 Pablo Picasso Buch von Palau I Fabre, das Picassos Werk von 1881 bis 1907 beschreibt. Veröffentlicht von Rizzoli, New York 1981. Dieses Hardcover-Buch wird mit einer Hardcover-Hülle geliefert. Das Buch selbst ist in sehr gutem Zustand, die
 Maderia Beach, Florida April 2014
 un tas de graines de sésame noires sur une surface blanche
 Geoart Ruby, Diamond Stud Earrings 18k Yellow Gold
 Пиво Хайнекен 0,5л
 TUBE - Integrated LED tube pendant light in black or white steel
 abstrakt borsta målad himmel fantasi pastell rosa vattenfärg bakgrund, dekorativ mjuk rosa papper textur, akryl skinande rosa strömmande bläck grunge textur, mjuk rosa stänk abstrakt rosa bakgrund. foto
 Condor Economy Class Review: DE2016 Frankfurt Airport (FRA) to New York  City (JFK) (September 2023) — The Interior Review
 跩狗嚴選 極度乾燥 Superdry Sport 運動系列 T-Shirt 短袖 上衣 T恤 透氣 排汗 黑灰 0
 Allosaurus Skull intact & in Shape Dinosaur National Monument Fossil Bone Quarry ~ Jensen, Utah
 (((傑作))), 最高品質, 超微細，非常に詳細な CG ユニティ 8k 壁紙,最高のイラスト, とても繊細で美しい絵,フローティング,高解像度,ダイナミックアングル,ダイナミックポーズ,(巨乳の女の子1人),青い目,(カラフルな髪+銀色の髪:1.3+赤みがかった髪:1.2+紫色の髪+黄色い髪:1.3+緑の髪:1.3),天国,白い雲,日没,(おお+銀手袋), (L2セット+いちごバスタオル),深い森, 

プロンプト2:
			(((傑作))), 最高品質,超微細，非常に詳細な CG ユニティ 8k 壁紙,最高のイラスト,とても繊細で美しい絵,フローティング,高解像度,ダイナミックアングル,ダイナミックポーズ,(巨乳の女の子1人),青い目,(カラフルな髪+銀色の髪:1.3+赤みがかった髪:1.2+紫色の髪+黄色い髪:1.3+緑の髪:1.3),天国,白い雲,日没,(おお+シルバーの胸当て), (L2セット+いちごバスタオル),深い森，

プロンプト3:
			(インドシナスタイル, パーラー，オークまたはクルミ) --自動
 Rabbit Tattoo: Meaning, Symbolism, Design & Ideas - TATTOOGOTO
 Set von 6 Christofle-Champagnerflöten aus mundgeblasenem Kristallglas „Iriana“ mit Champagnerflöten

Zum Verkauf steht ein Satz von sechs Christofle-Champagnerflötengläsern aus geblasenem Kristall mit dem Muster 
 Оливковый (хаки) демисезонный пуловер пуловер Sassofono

[Assigned task] When a line of the records holds the word "赤みがかった髪", copy that line.

[Answer area]
 (((傑作))), 最高品質, 超微細，非常に詳細な CG ユニティ 8k 壁紙,最高のイラスト, とても繊細で美しい絵,フローティング,高解像度,ダイナミックアングル,ダイナミックポーズ,(巨乳の女の子1人),青い目,(カラフルな髪+銀色の髪:1.3+赤みがかった髪:1.2+紫色の髪+黄色い髪:1.3+緑の髪:1.3),天国,白い雲,日没,(おお+銀手袋), (L2セット+いちごバスタオル),深い森, 
			(((傑作))), 最高品質,超微細，非常に詳細な CG ユニティ 8k 壁紙,最高のイラスト,とても繊細で美しい絵,フローティング,高解像度,ダイナミックアングル,ダイナミックポーズ,(巨乳の女の子1人),青い目,(カラフルな髪+銀色の髪:1.3+赤みがかった髪:1.2+紫色の髪+黄色い髪:1.3+緑の髪:1.3),天国,白い雲,日没,(おお+シルバーの胸当て), (L2セット+いちごバスタオル),深い森，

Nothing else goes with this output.